**EXERCISE DESCRIPTION:**
The lines to extract run from the first line of the material below to the line containing "Okada Nana 岡田奈々, Weekly", both included; leave the pictures behind.

**DATA SHOWN:**
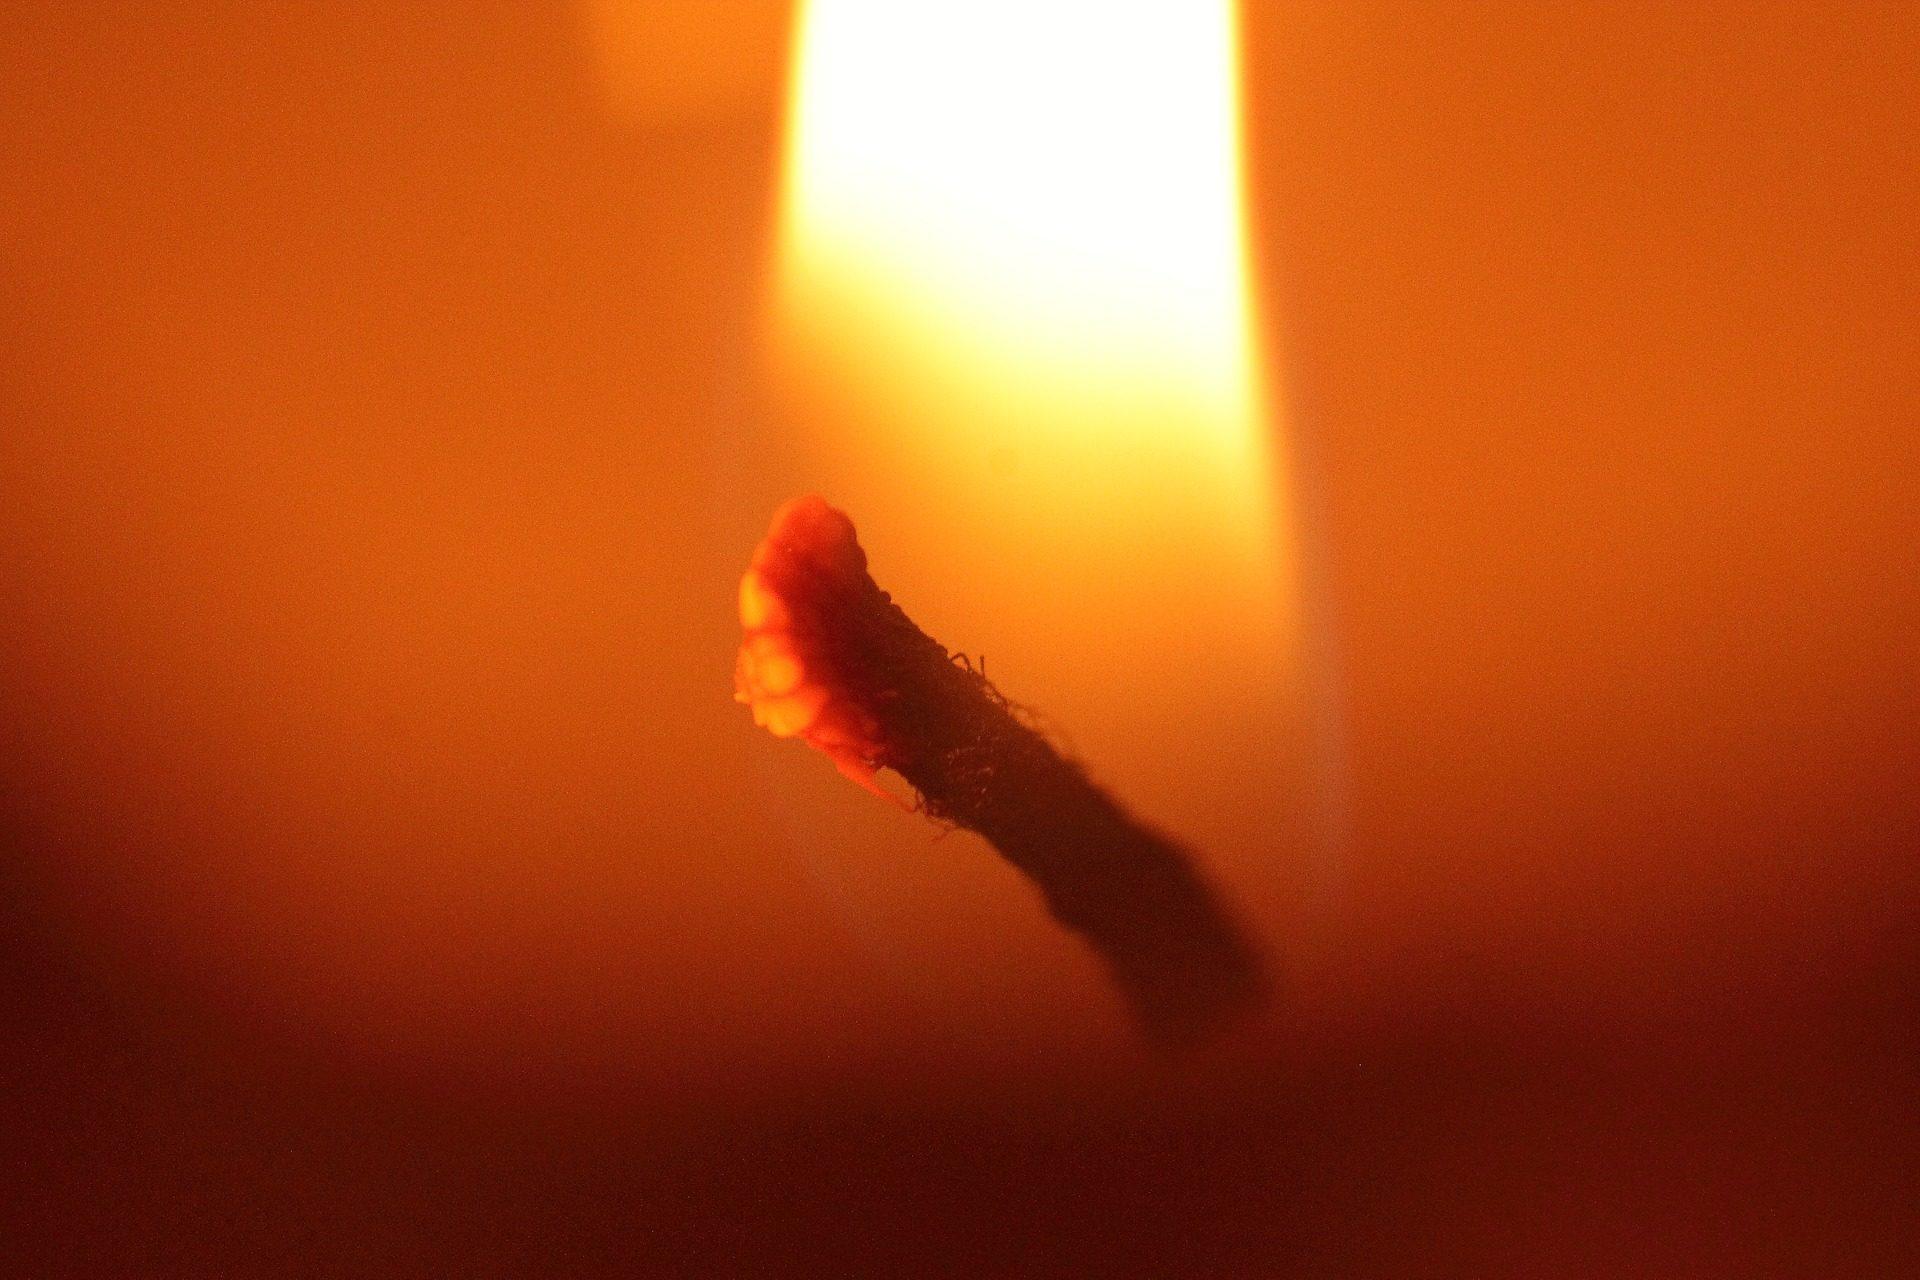 flamme, bougie, feu, Mèche, lumière, chaleur - Fonds d'écran HD - Professor-falken.com
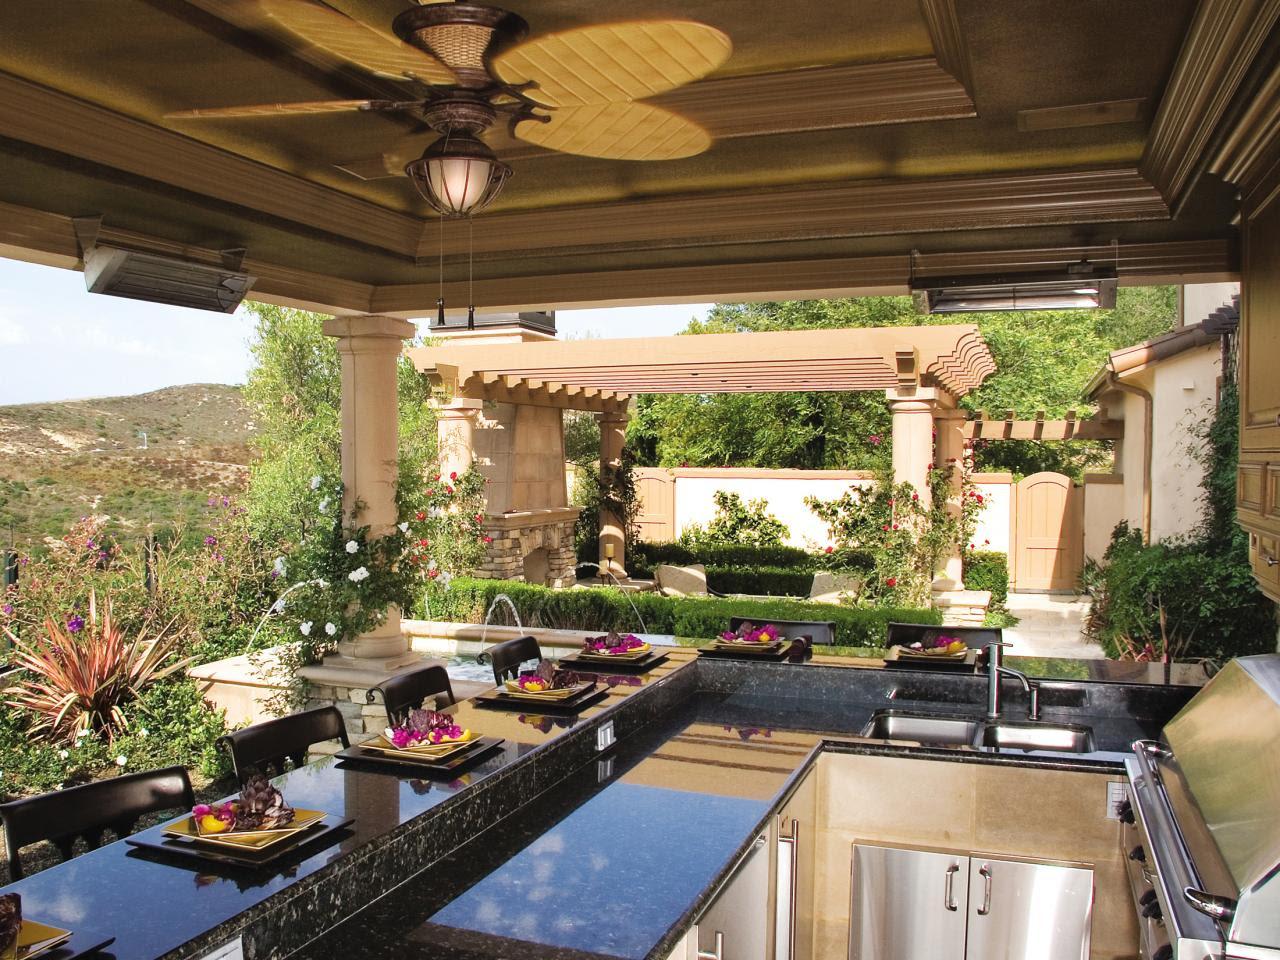 Outdoor Kitchen Countertops Options | HGTV
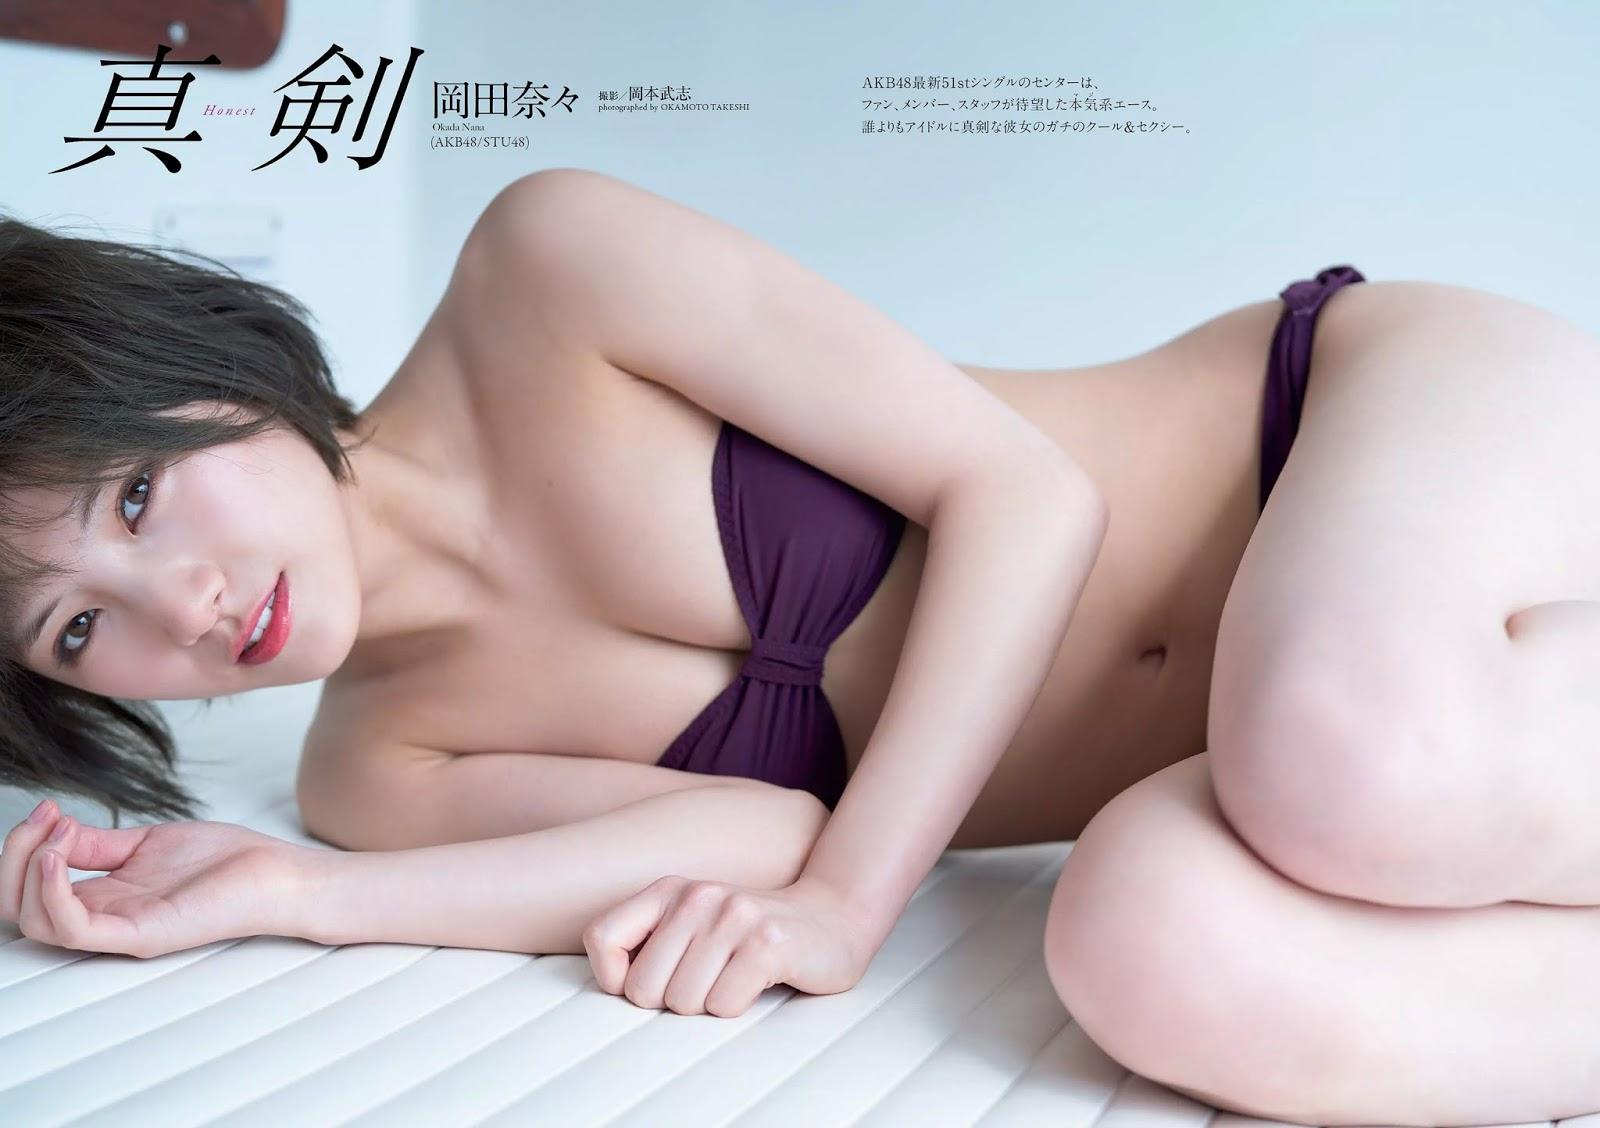 Okada Nana 岡田奈々, Weekly Playboy 2018 No.13 (週刊プレイボーイ 2018年13号)
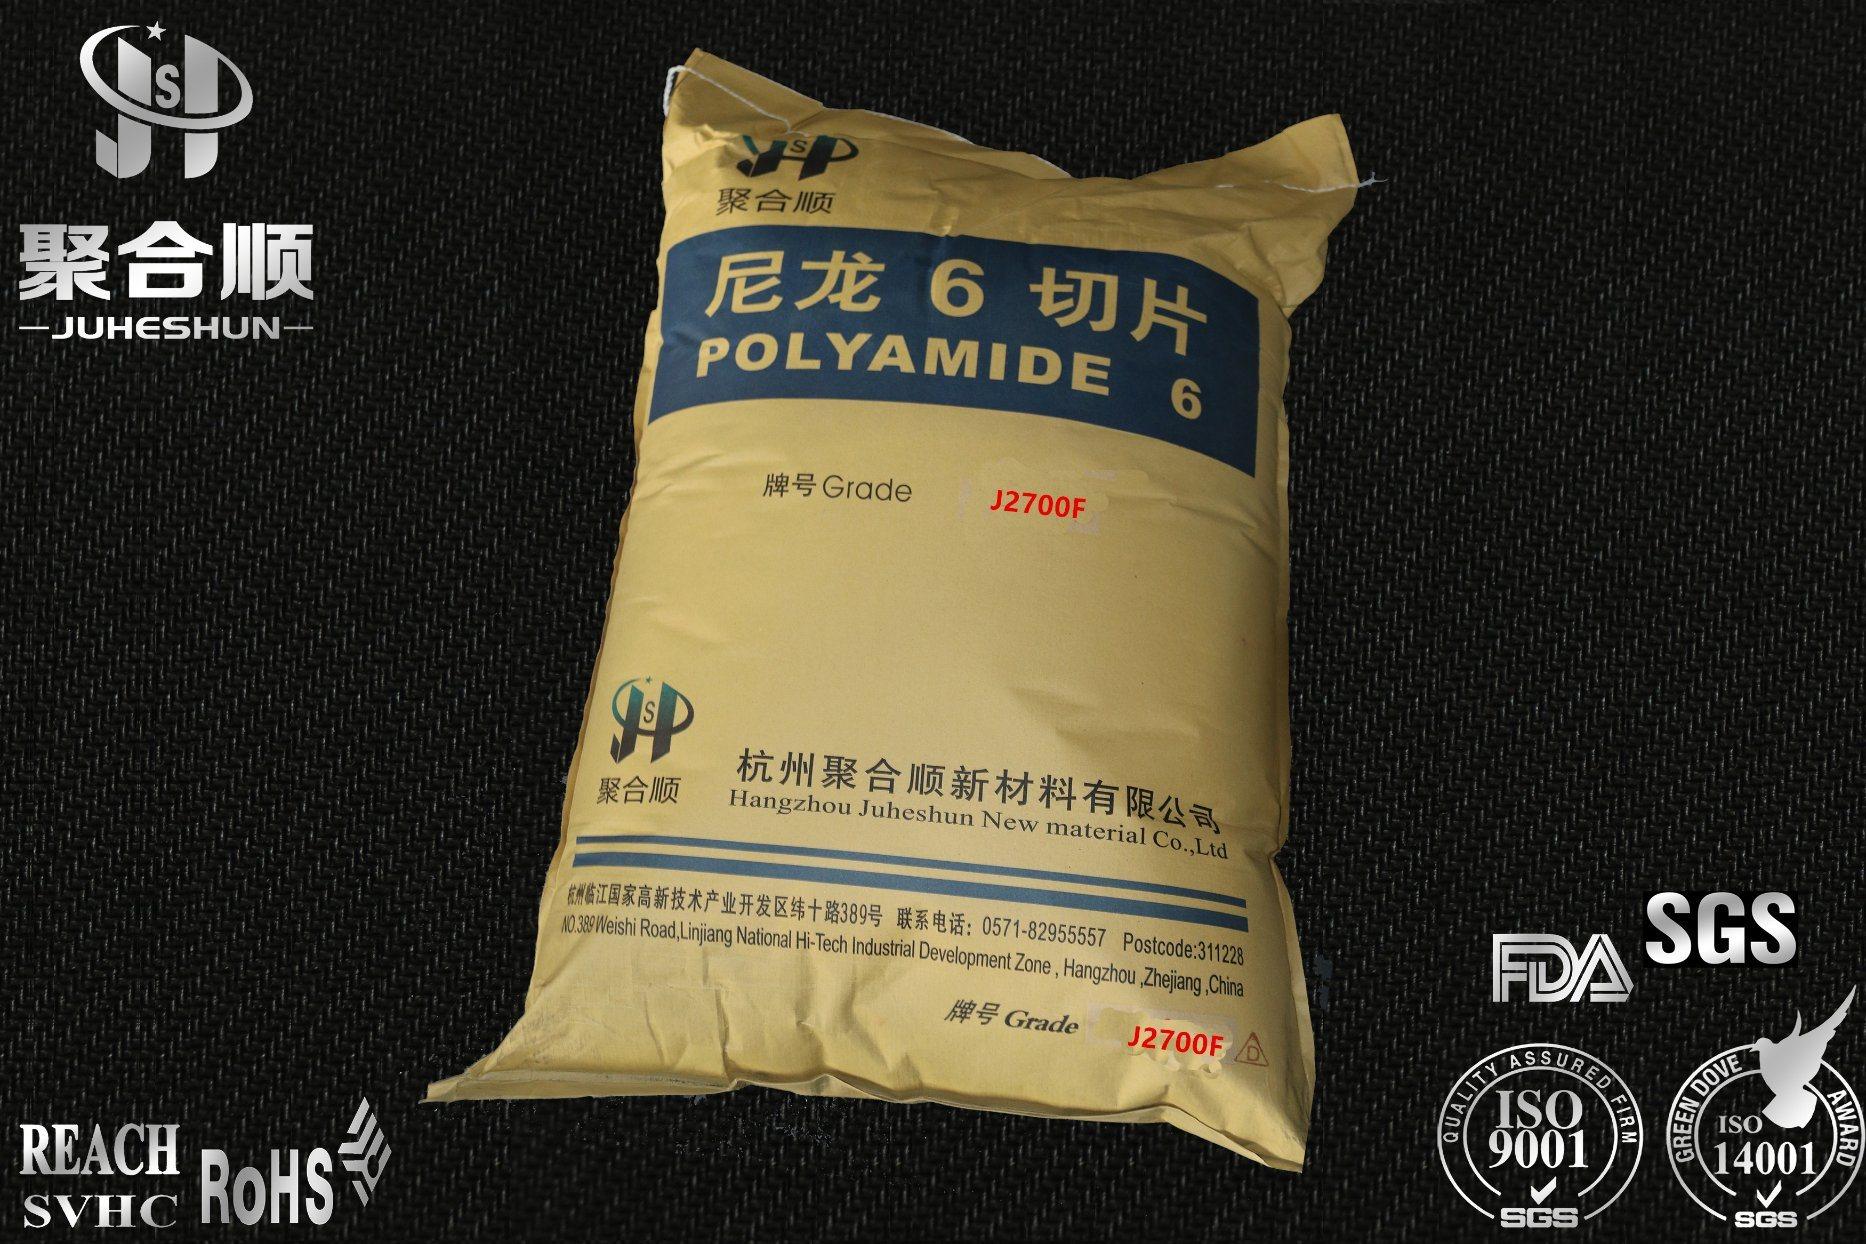 J2700f/Civilian Spinng Grade PA6/Nylon/Polyamide Granules/Pellets/Chips/PA6 Raw Material
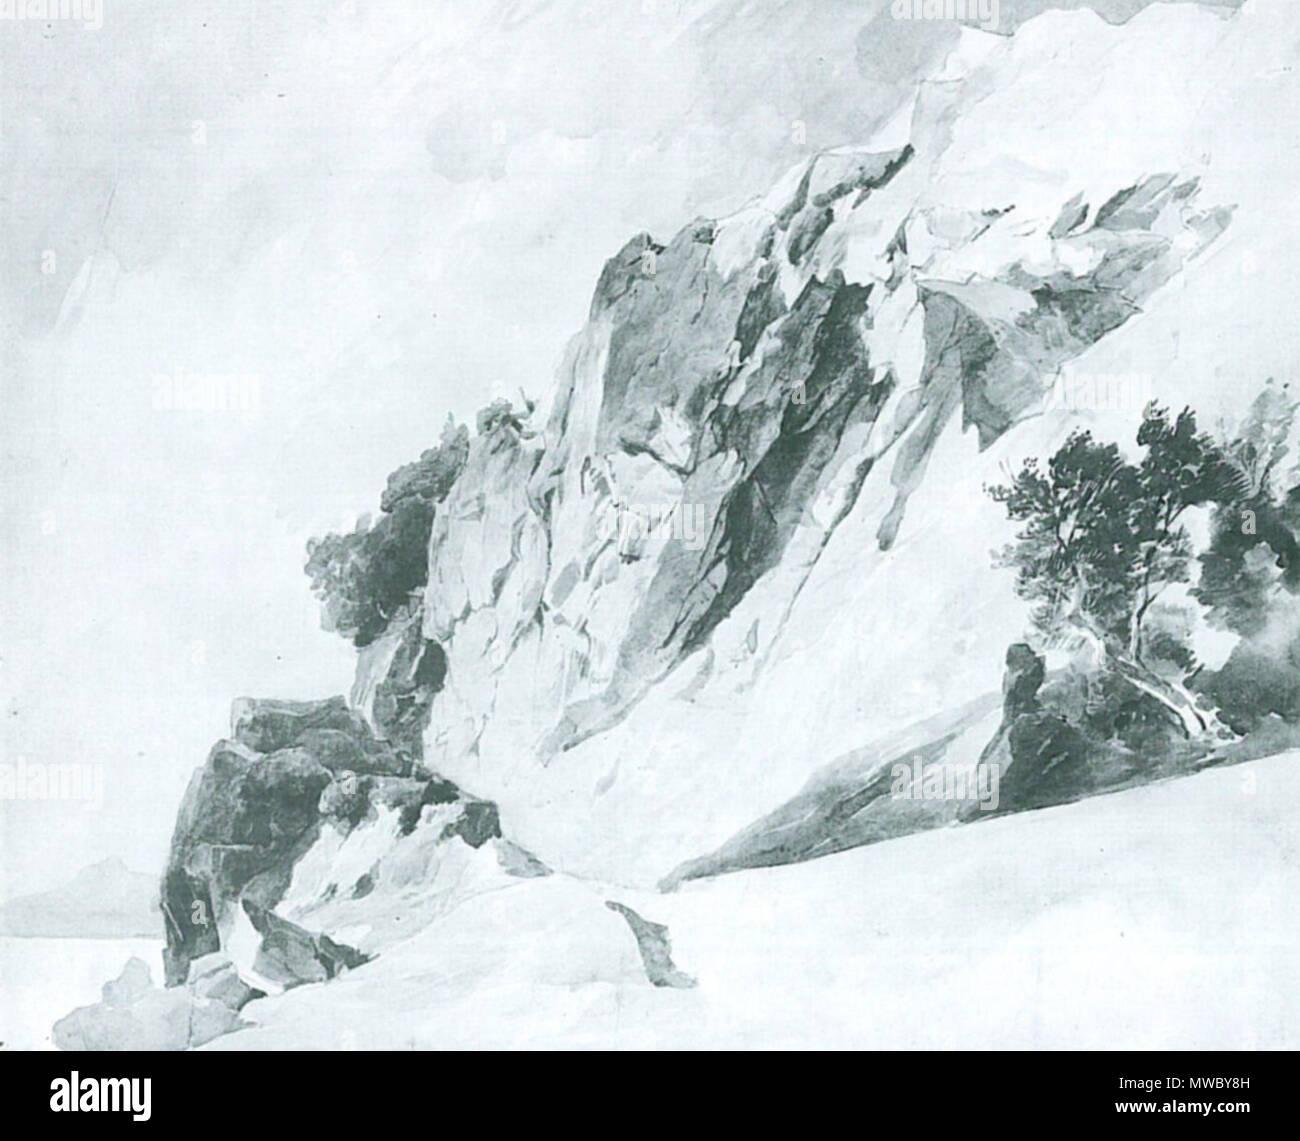 . Deutsch: Edmund Kanoldt: Felsen am Meer. 48 × 61 cm. Aquarell über Bleistift auf Papier. La Kunsthalle di Mannheim . circa 1890. Edmund Kanoldt (1845-1904) 177 Edmund Kanoldt Felsen am Meer Immagini Stock

**ANSWER TO THIS EXERCISE:**
 flamme, bougie, feu, Mèche, lumière, chaleur - Fonds d'écran HD - Professor-falken.com
 Outdoor Kitchen Countertops Options | HGTV
 Okada Nana 岡田奈々, Weekly Playboy 2018 No.13 (週刊プレイボーイ 2018年13号)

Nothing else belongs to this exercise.